PROBLEM DETAILS:
The pictures in the data below are to be omitted; all else must be duplicated exactly.

DATA SECTION:
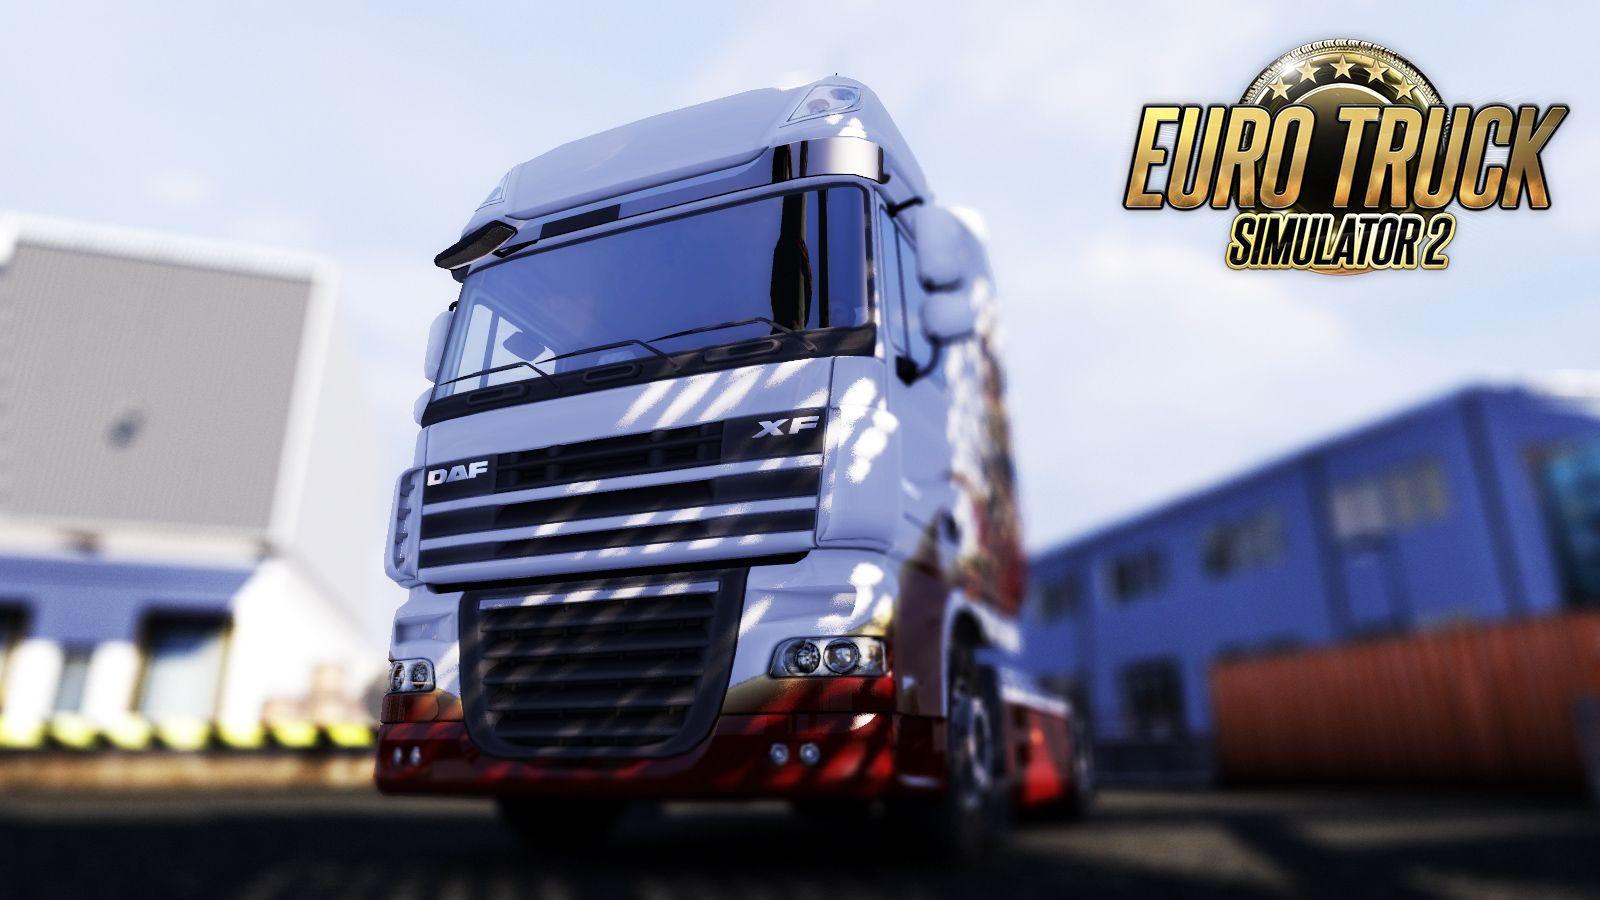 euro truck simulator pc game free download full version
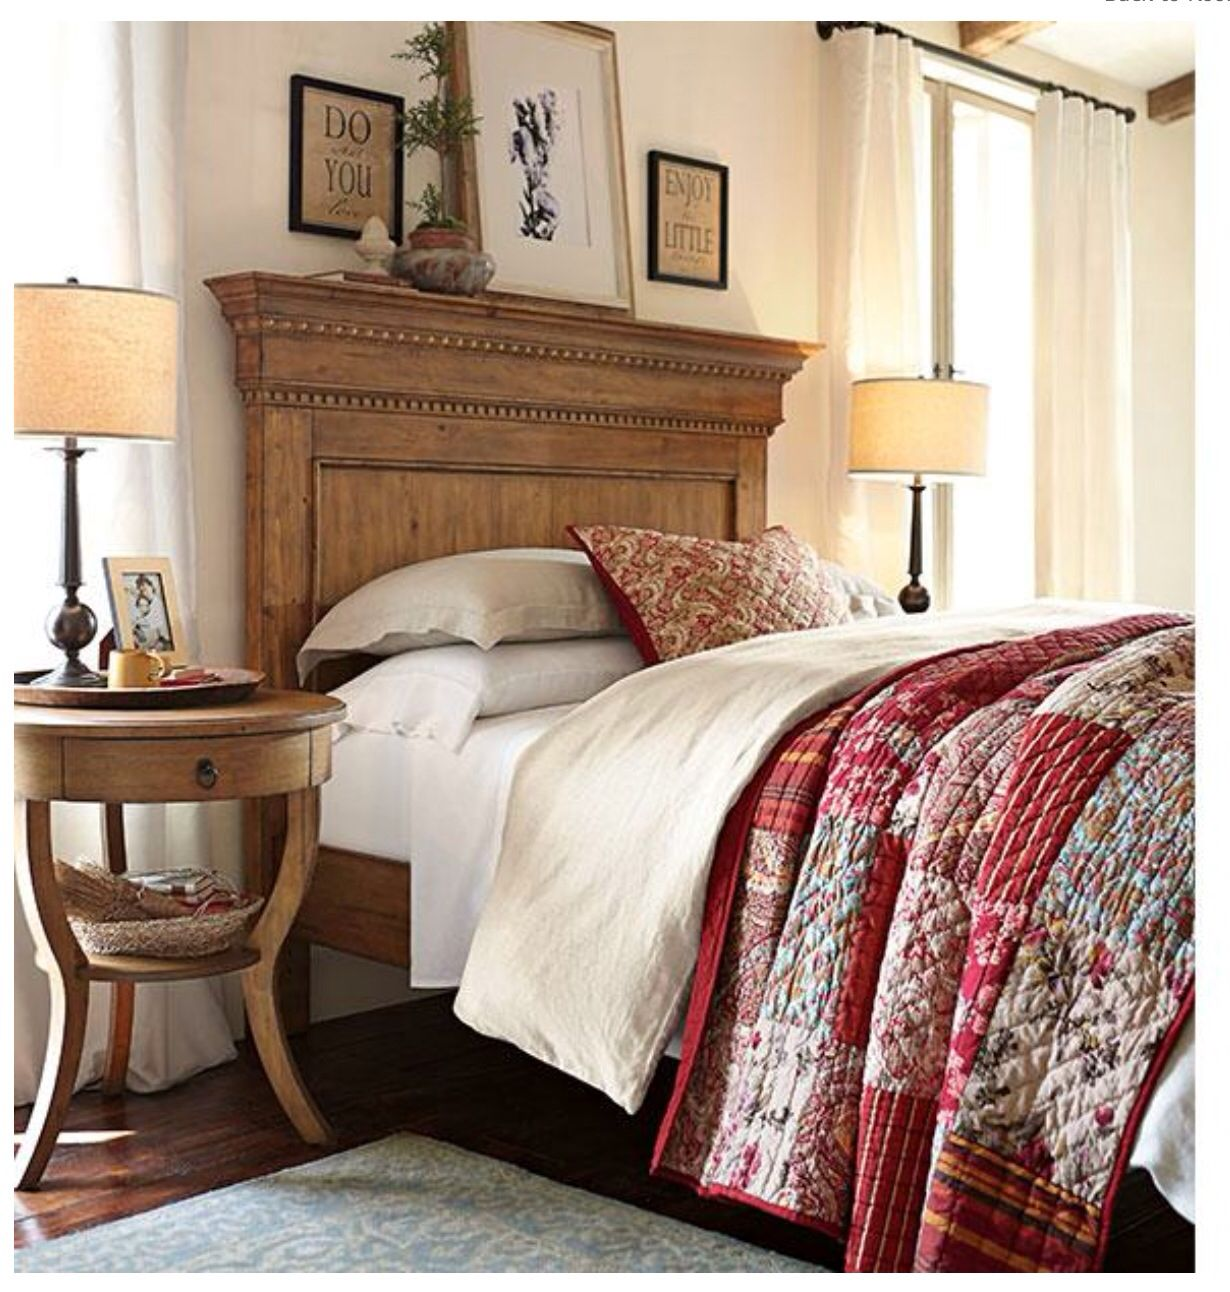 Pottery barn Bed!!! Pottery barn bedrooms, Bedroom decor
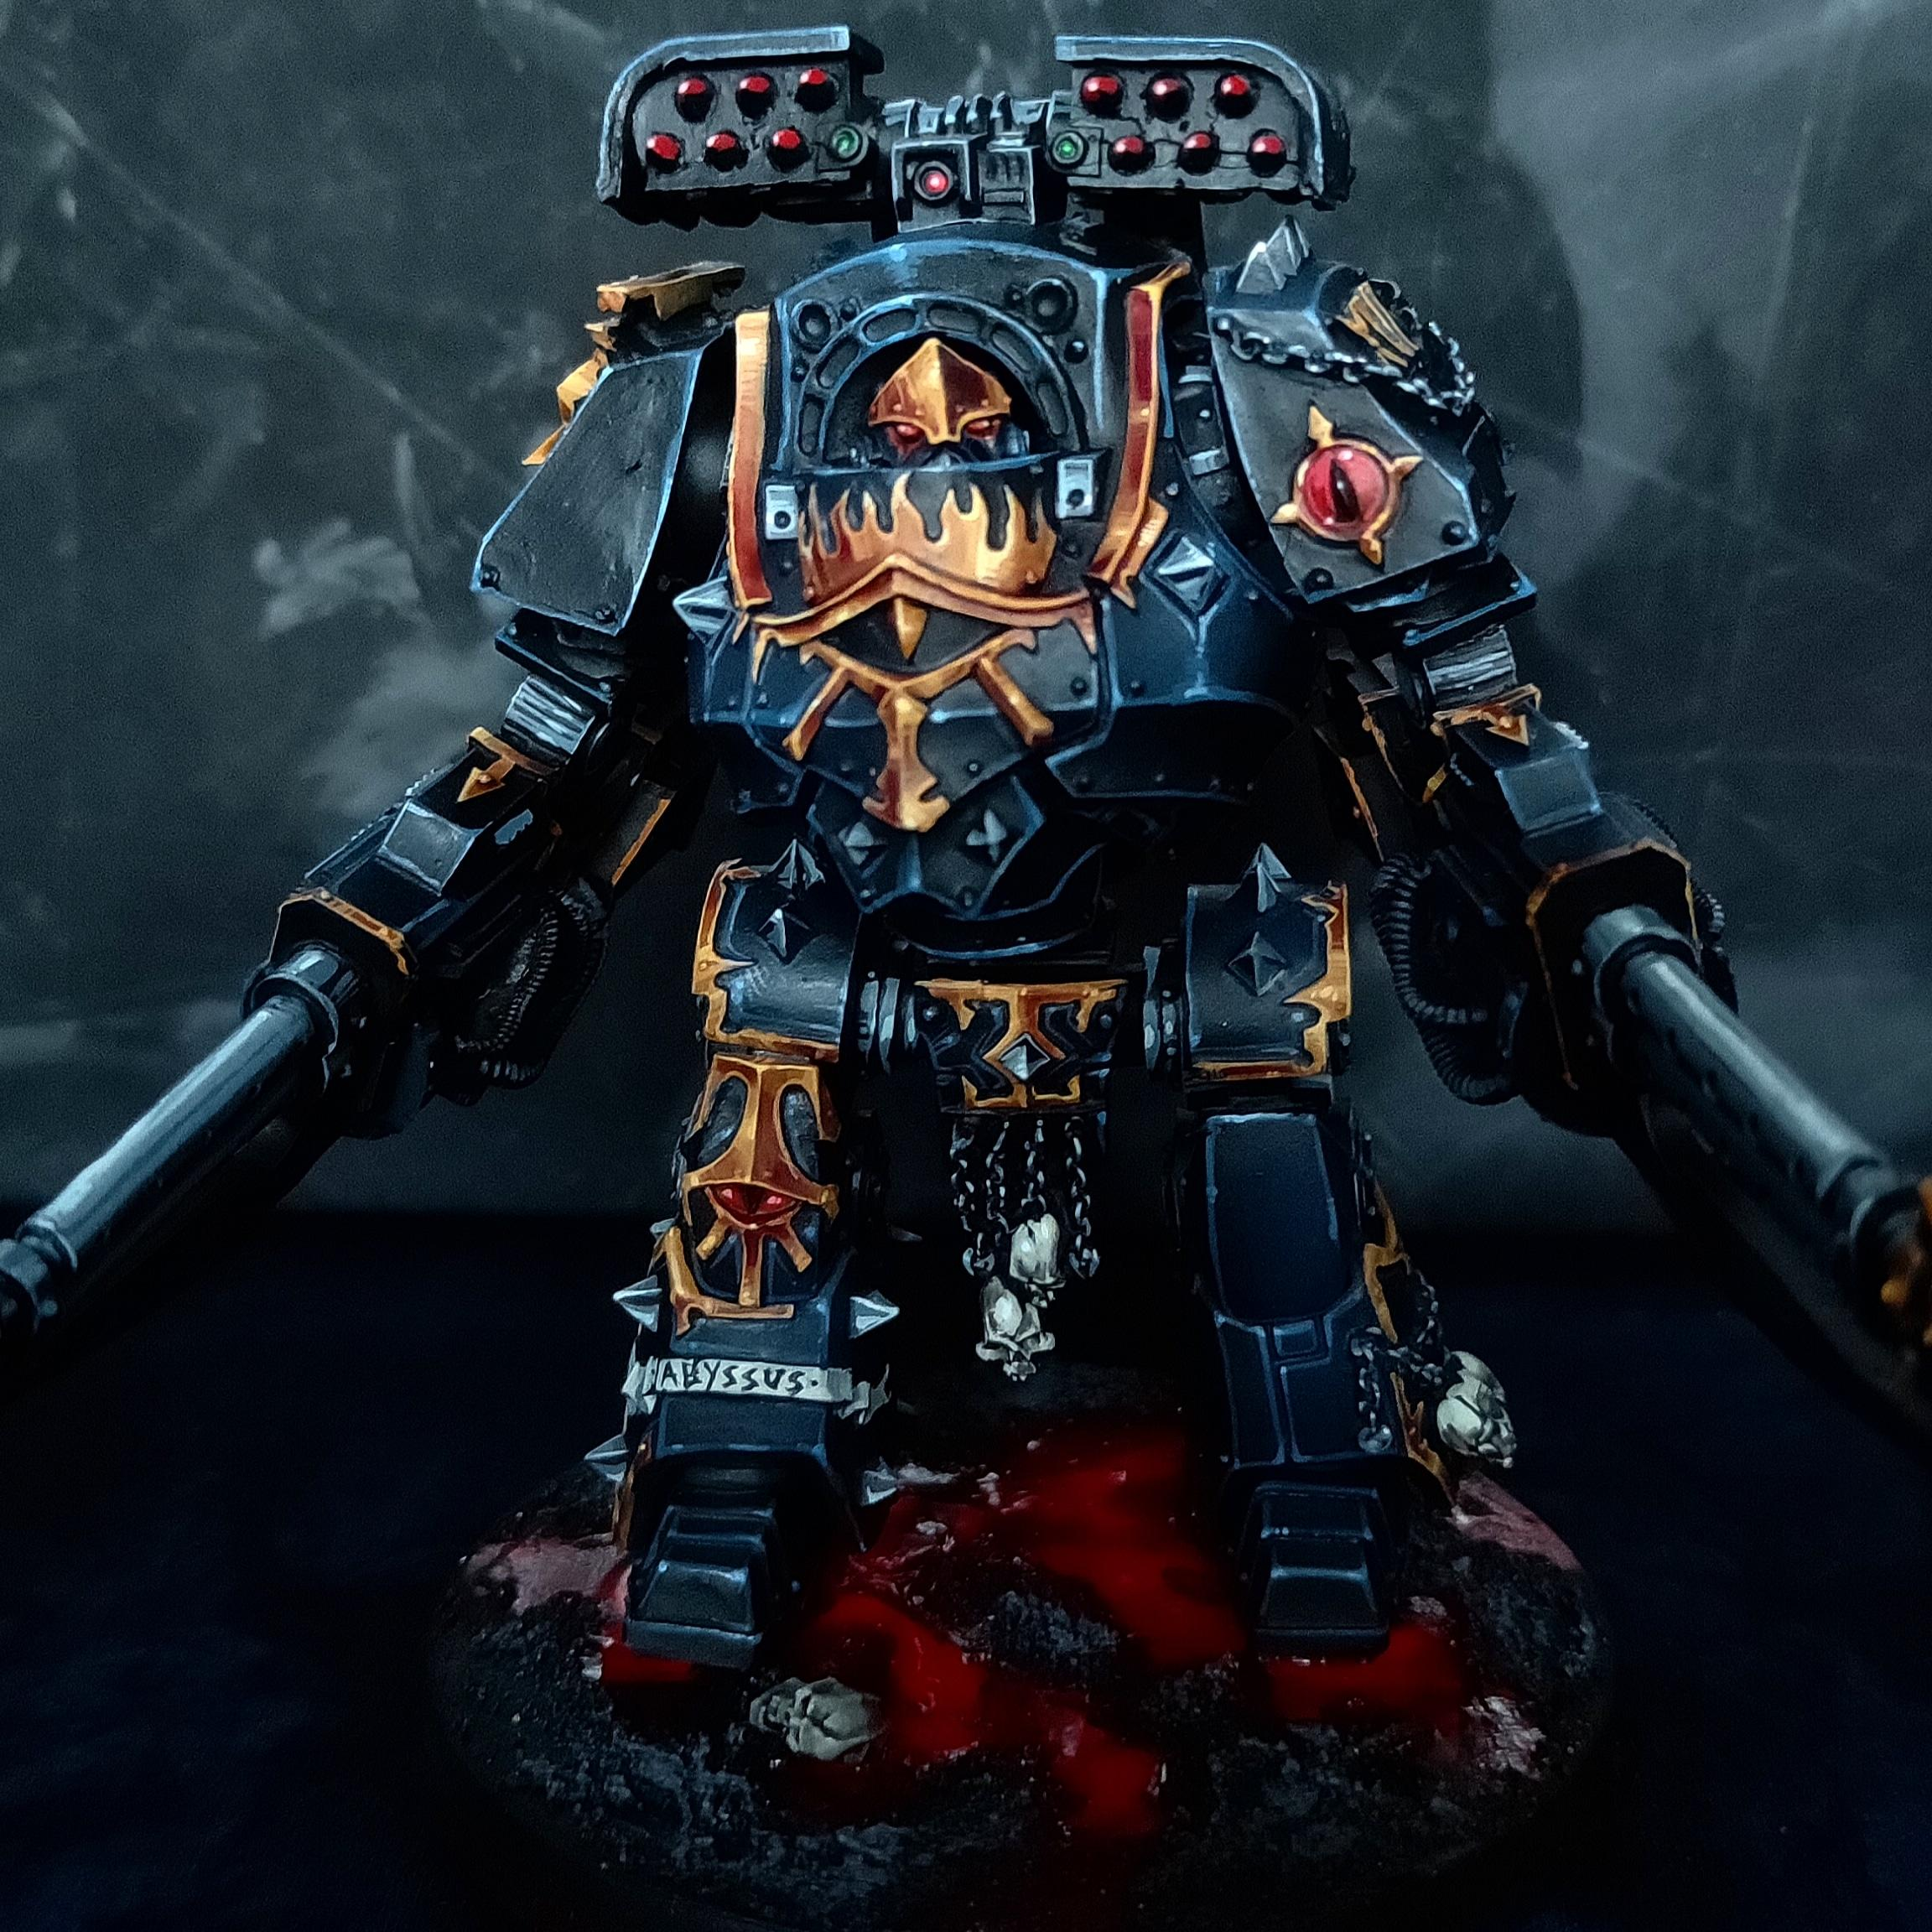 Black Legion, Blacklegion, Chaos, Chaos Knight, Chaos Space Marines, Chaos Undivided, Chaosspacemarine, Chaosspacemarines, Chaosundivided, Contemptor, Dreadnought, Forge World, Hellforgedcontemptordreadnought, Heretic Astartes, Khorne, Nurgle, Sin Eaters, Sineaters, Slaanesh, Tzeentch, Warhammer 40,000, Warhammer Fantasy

TASK RESULT:
 euro truck simulator pc game free download full version
 Pottery barn Bed!!! Pottery barn bedrooms, Bedroom decor
 Black Legion, Blacklegion, Chaos, Chaos Knight, Chaos Space Marines, Chaos Undivided, Chaosspacemarine, Chaosspacemarines, Chaosundivided, Contemptor, Dreadnought, Forge World, Hellforgedcontemptordreadnought, Heretic Astartes, Khorne, Nurgle, Sin Eaters, Sineaters, Slaanesh, Tzeentch, Warhammer 40,000, Warhammer Fantasy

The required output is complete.